As an example, consider the following hypertext document:
Update (2013-10-17 21:44:33): I just saw that the W3C document has a current version.
Update (2014-03-24 22:15:55): A month ago, I noticed that Google Chrome no longer implements run-in. Therefore, I suppose we will not see any universal support for this value any time soon.
Compatibility with old user agents is very important to me, because I strongly believe that if you buy a computer at any time, and it works perfectly, then you should be able to stick to that computer for as long as you wish.
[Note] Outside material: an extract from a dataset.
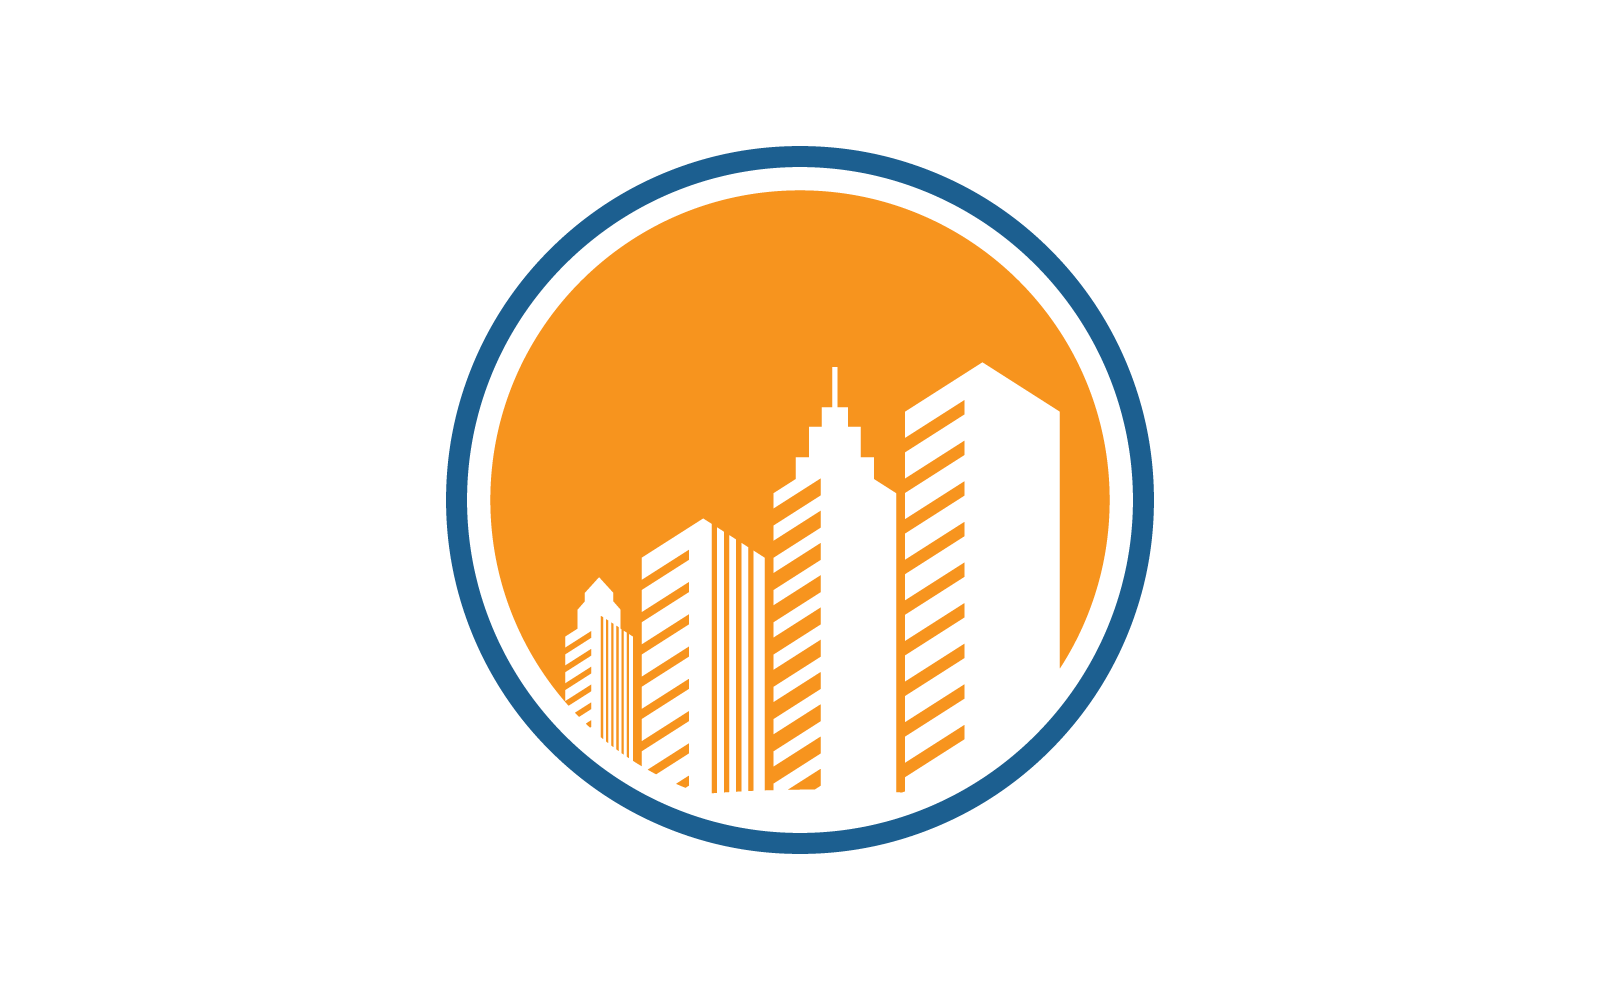 City skyline, city silhouette logo vector illustration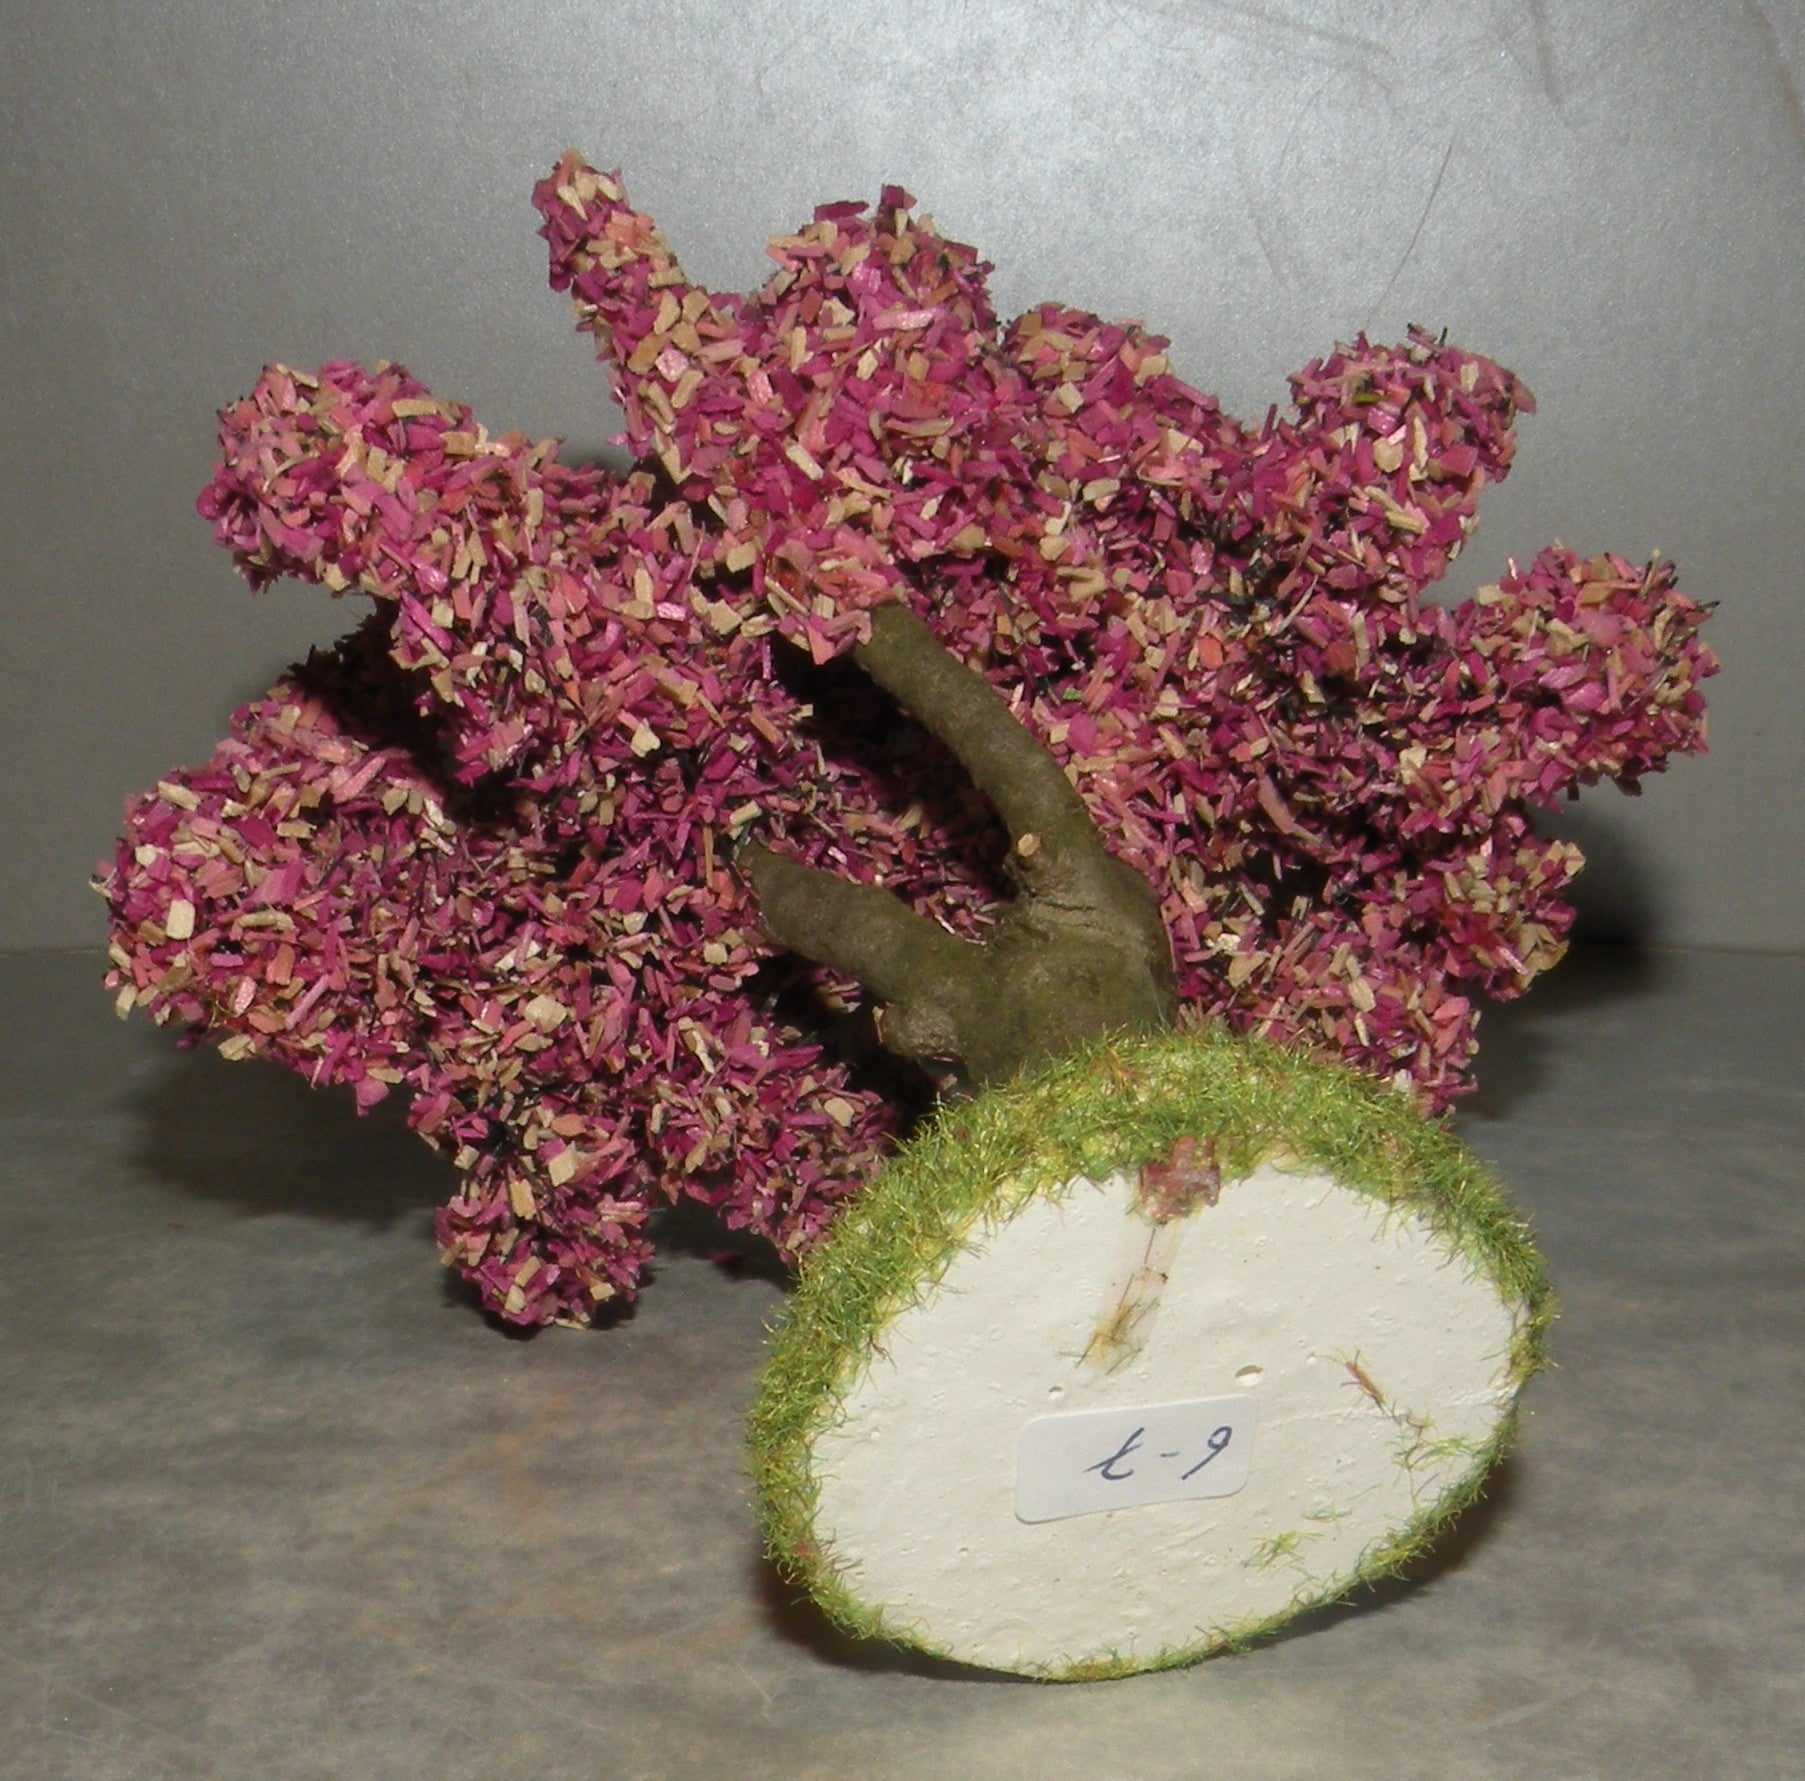 Almond Tree in Flowers , Didier 7 - 6 Cm

After all, a writer who bought a high-quality computer in the late 90s should still be able to use it the exact same way he did when it was new. In addition, if you do separate content (HTML) from style (CSS) as you should do, it should not be particularly difficult to ensure a decent fallback on old user agents.
Before the recent markup improvement on my sites, they were essentially compatible with every version of Internet Explorer from 5.0. The new markup, which is far more elegant, efficient, and modern, requires only little more: Internet Explorer 5.5. Hence, my sites remain very compatible in this respect. As a comparison, some of the most visited sites on the web fail already in Internet Explorer 6.0 on Windows XP (microsoft.com being one example).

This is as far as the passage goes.